直觉告诉她,云信然对她与裴扬雨的来往一清二楚,但温逐月知道他对裴扬雨的态度,并不太想同他敞开说这句话。

至少,在找到团花阁主谋之前,她不想断了同裴扬雨的来往。

温逐月轻轻吸了一口气,若无其事笑道:“表兄,你们应该还未用饭吧?快些走,别让阿爹等我们来了。”

云信然拦住她的去处,正色道:“阿棠,我知道这样逼你不好,但我就想问你一句实话。方才你不是去公主府,是去找他了,对吧?”

温逐月见状,知道自己瞒不下去了,只答:“是,表兄,我找他是为了公主落水的事,他是公主的表兄,全权负责调查此事,公主府我进不去,只能找他了。”

云信然察觉她眼神闪过一丝犹豫,追问道:“你对他是不是……”

“表兄。”

没等云信然将话问下去,温逐月已经立刻打断他了,“我与他早在庐江将界限划得分明,从此之后桥归桥,路归路,再无任何瓜葛。只是在京中,难免抬头不见低头见,我不想得罪他。表兄,他已经表明了身份又回到京中,想必庐江的事情已经告一段落了。姨母说云山寨一切太平,想来他已经不打云山寨的主意了。”

“我知道他瞒我骗我,实在是可恶至极,但他毕竟是当初救了我的人,其中的原委,想来他比许多人都要清楚,若能借他的手,查清害我的人,那便皆大欢喜。”

云信然嘴唇抖了抖,又道:“可我觉得他对你的心思还未了断,若是你再与他有过多的接触,恐怕会让他觉得你还未放下前事。毕竟他利用欺骗了你这么久,这许许多多的事情,总不能说放下就放下的。”

“虽然我们现下不能得罪他,但我觉得在庐江经历了这么多事,他身边危险重重,你若是靠近他,也会受到伤害。他是不是真心实意要帮你,还未可而知,若你要查,还有很多路子,何需一定要找他呢?”

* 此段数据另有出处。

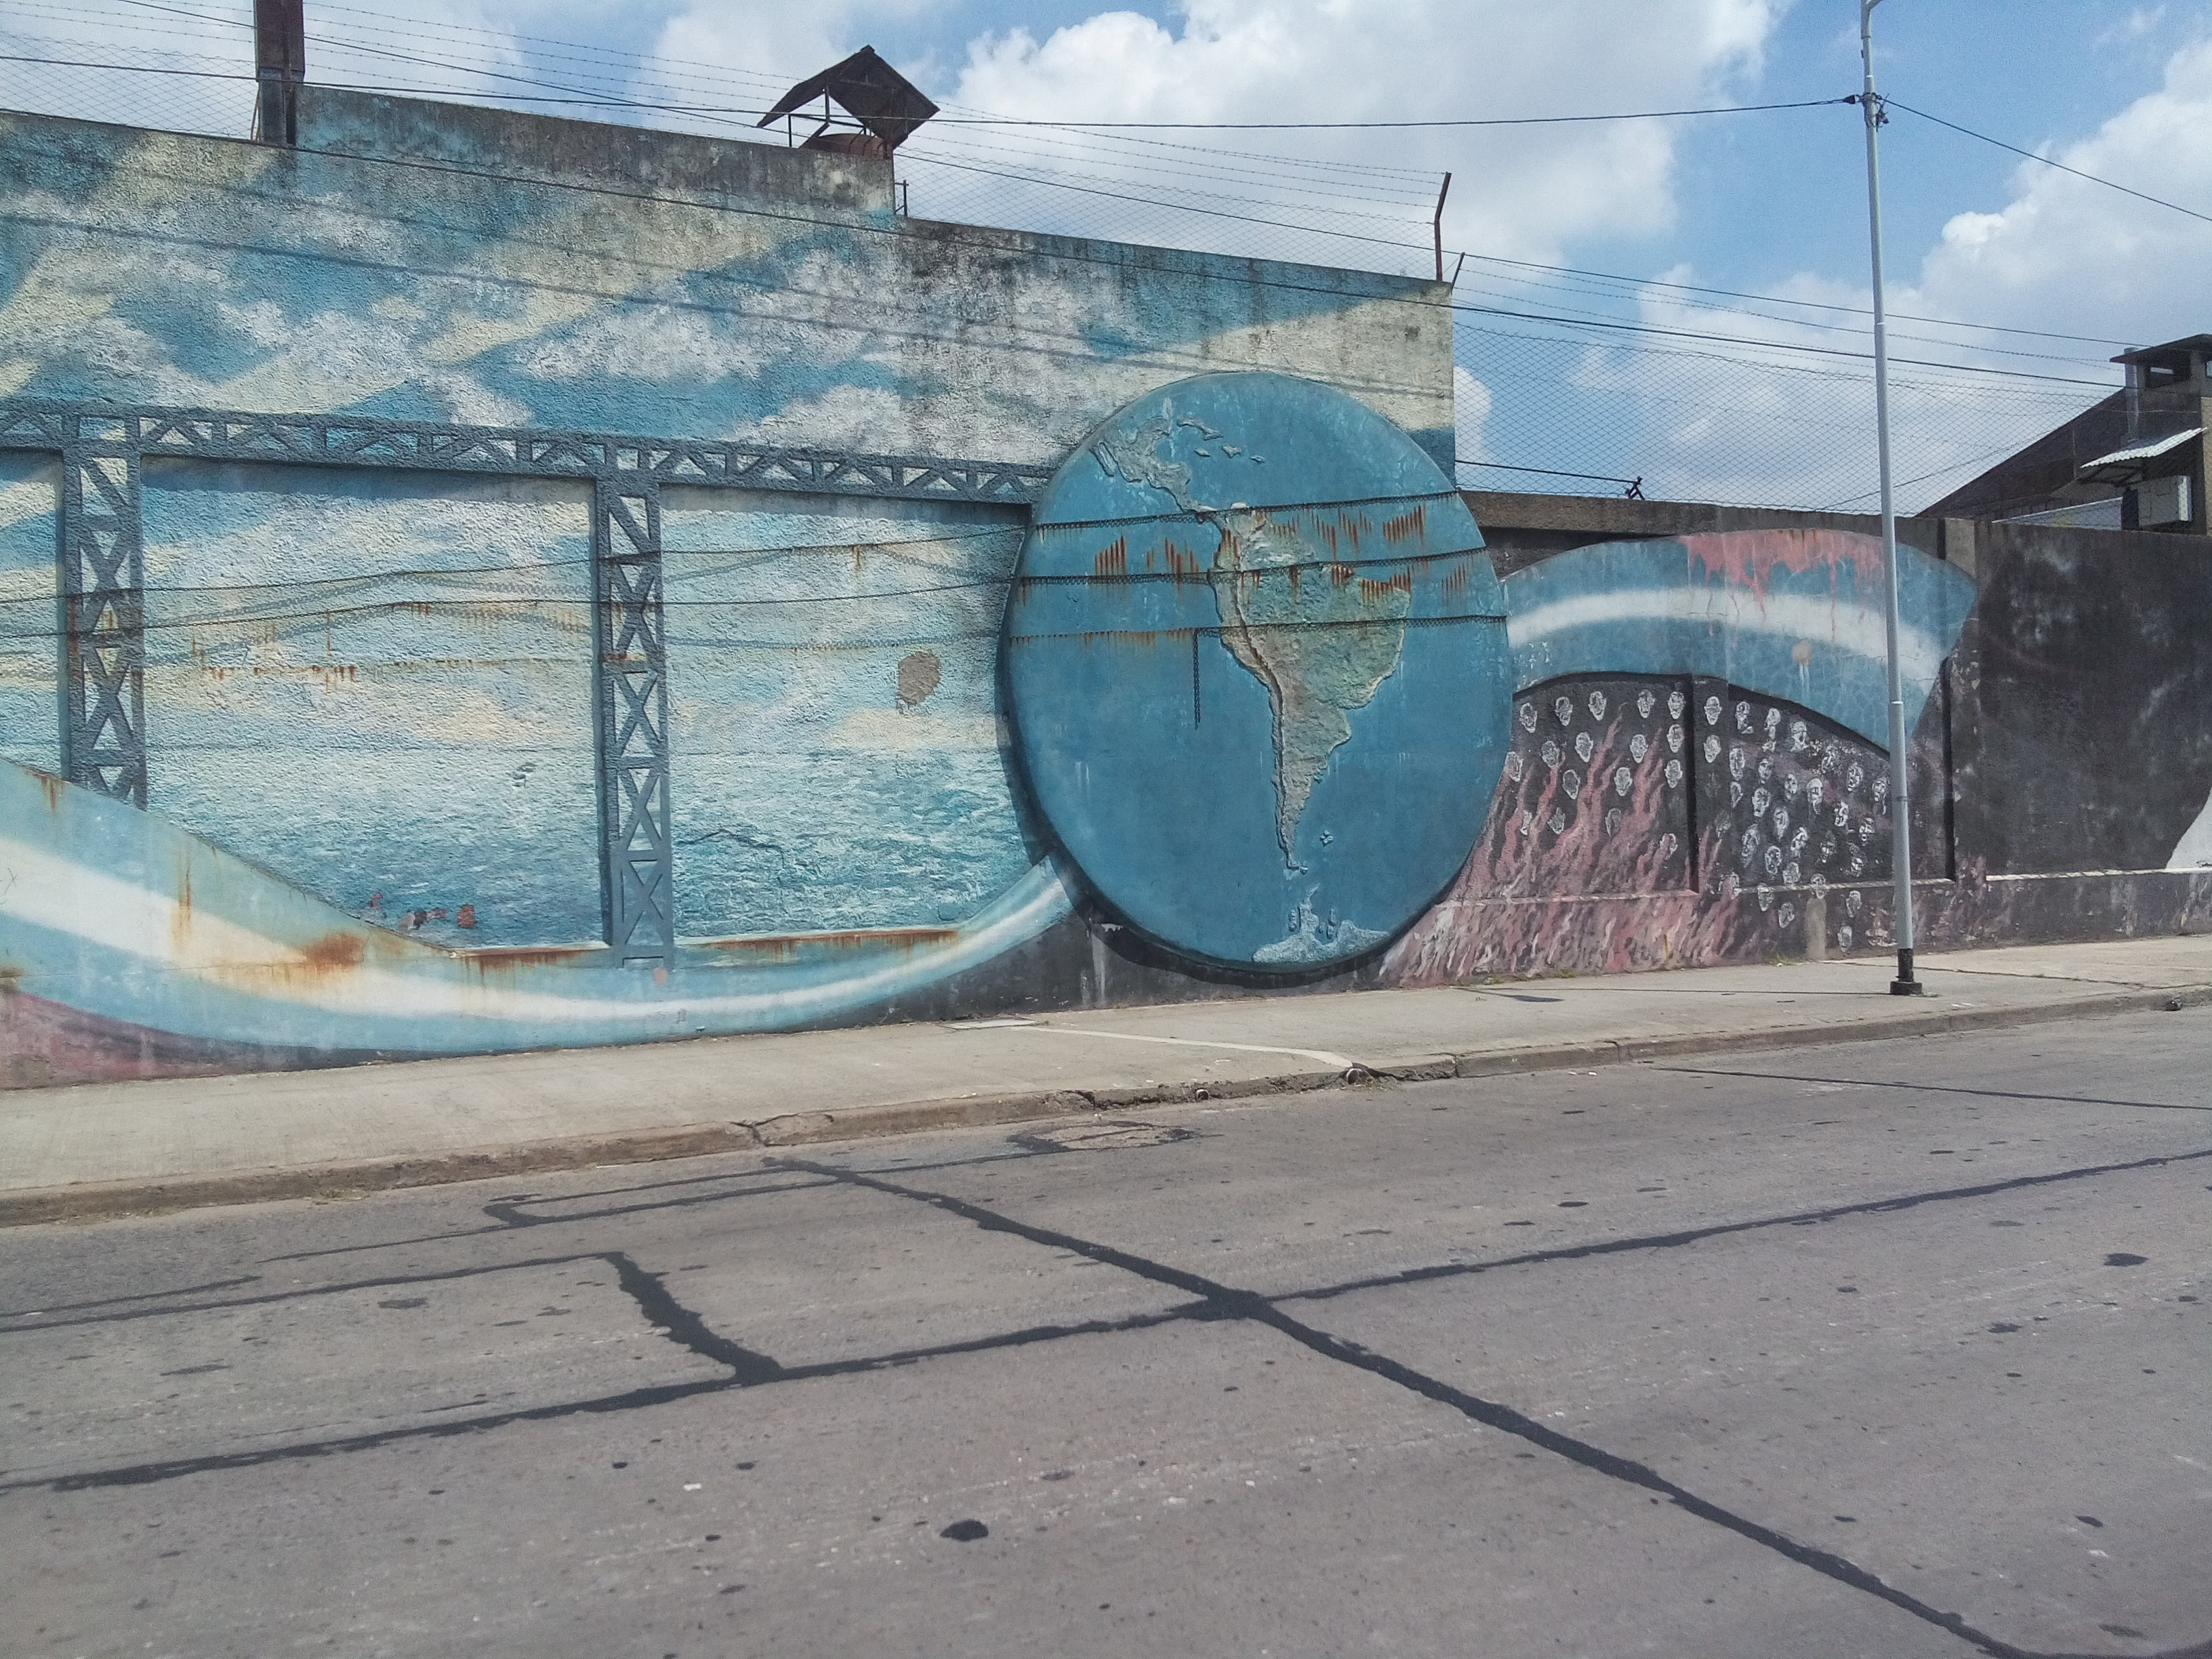 Mural fábrica Ferrum - Mural en la fábrica Ferrum

温逐月理了理心绪,冷静道:“表兄,找出害我和害青莲一干人的凶手,是我现下的头等大事,我心中想过数十种方法,可却都走不通。阿爹追查数月无果,这件事必然没有这么简单,若想快些找出幕后凶手,唯有他这一条路可走,。

“若他对我有情,那或许是愧疚之情,我何不利用他的愧疚让他为我所用呢?他利用我,我也利用他,那所有的因果便可以平了。”

云信然微微叹一口气:“阿棠,我懂你的心思,只恨我无力帮你,我也不想过多干涉你的决定,我只是担心你会受到伤害,在庐江时,我便未能保护好你,如今我还在你身边,便想一尽兄长之责,我说的话或许会有些冲动,还请你原谅我。”

温逐月见云信然的脸色暗下去,忙解释道:“表兄,我绝没有怪你的意思,我明白你是为了我好,可你也要相信我,我已经被骗过一次了,绝不会被骗第二次,我有我自己的考量,不会意气用事,更不会转了心思要去亲近他。”

不知为何,温逐月说话的气力越来越弱,不由自主觉得有些心虚,她强装镇定将这一番话道出后又别过了脸去。

“信,我当然信你。”云信然点点头:“阿棠,此事由你一个人去做,未免太过冒险额,我不放心,若是你愿意同我说说,或许我能尽些绵薄之力。”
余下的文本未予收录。